One addition - if you have older kids, they'll want to play. If you're like us, you'll let them some of the time. It's a great experience for the kids. It also changes the dynamics at the table. My kids are 15 and 12, and they expect different things out of a game session than my 30-something adult friends do. So we run games that the kids have characters in, and we run games that the kids don't get to join. Ideally, we'll be running games just for the kids and their friends, which will reduce their desire to play in the adult games, perhaps to the relief of our childless friends.
 


So each of these is a lesson learned, I take it. Which to me is really, really scary that #7 and #9 are on that list. The mind boggles.

Good information here, though!
 

Good advice all around.

Playing in a house with kids isn't all hardship and watching your dice though. There are advantages to be had as well! My kids are older now, so most of these suggestions don't apply to toddlers and other kids likely to pop dice into their mouths.

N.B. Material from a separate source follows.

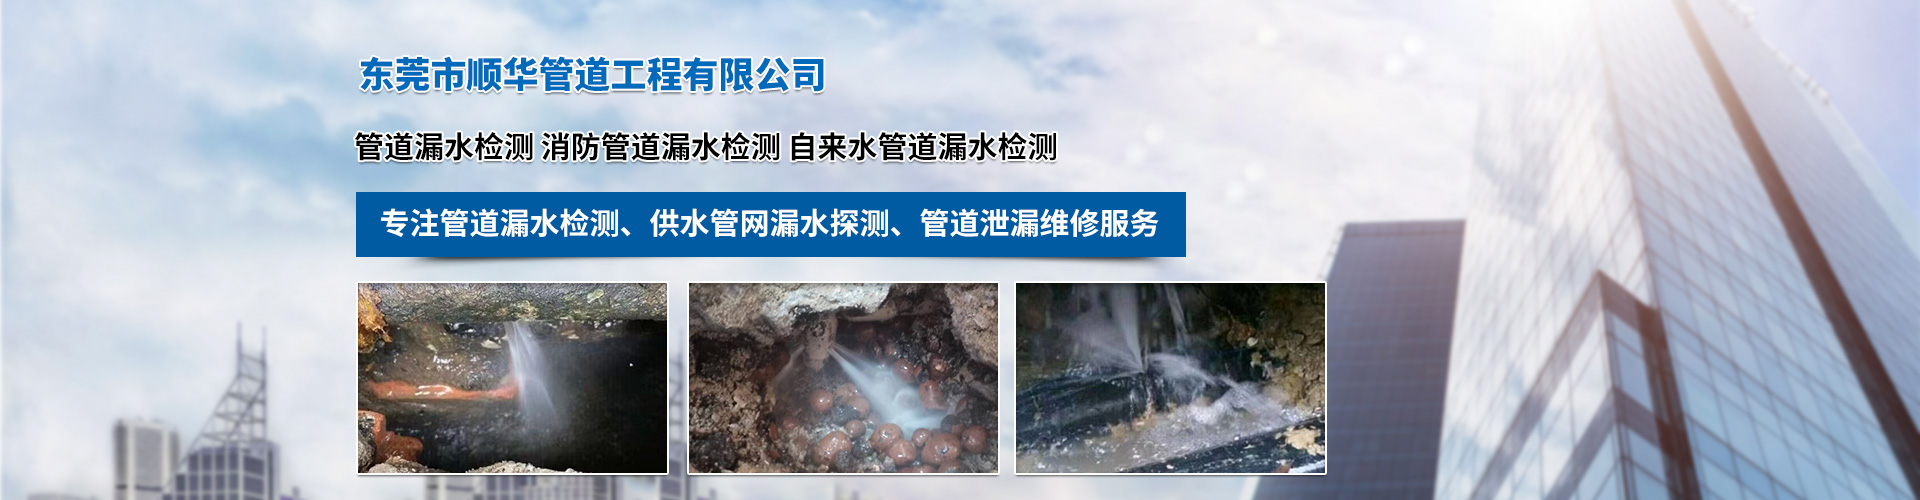 埋地水管漏水如何探测 深圳市测漏水管漏水维修服务

1) Older kids like listening in on the sessions sometimes. Make use of this to have them fetch beverages for you, or throw food wrappers in the trash. More time at the table for all!

2) Kids are small and nimble. Have them pick up dice you dropped under the table.

3) Kids of gamers often have lots of fun toys such as castles, siege towers, dragons, knights on horseback, wizards, etc. (consider who bought the toys for them). Use these for additional minis and props in your games. Kids are a great excuse to buy cool toys for yourself them.

4) Kids are creative. They can sometimes suggest crazy ideas that just might work to solve a problem your characters are having in-game. Or maybe not so much - but you might have fun listening to their ideas.

5) Kids can play too! When they are old enough and if your friends are tolerant of children have your kids join a game. We're starting one that deliberately excludes the childless couple who doesn't want to put up with my younger son (age 10), but includes another friend who loves kids. The family that plays together stays together. :D
 

So each of these is a lesson learned, I take it. Which to me is really, really scary that #7 and #9 are on that list. The mind boggles.
You'd be amazed at how many childless people feel that they understand parenting and can judge whether someone is a good parent or not. Parents hear a lot of well-meaning but naive advice from such people, and have learned to utterly disregard it. It's like going through boot camp - until you have done it yourself, you won't have the respect of those who are struggling through it. Parenting is trial by fire, but with the best reward imaginable.
 

Nice! Heartily agreed!

Our group consists of me (the DM), my wife, a friend and his wife, and another friend who isn't married (but lives with his girlfriend). Me and my wife have a 4-year-old, while the other coupld have a 7-year-old and a 2-year-old. Since we all know each other for quite some time (the unmarried dude is the newcomer, and I've known him for 3 years; the others we go back 15 years), watching the kids is a bit communal.
 

I wrote a lot of responses, but I'd mainly like to pop in and say that your group appears to have too much arguing in it.

If you're having arguments that necessitate apologies frequently with your gamers, find new gamers. If you can't find new gamers, stop playing until you can.

Save the drama.

Also, people without children are not necessarily 100% naive, and it's fairly silly and very arrogant to blow off their advice completely. While they have not lost sleep for years at a time like you have, and they haven't experienced the love a parent has for a child firsthand, they may have worked at a day care, read something you haven't... or more poignantly, they may be watching you screw up in a way you aren't willing to admit.

Of course, if they're continually giving you unsolicited advice that is crap, telling them to stuff it is key!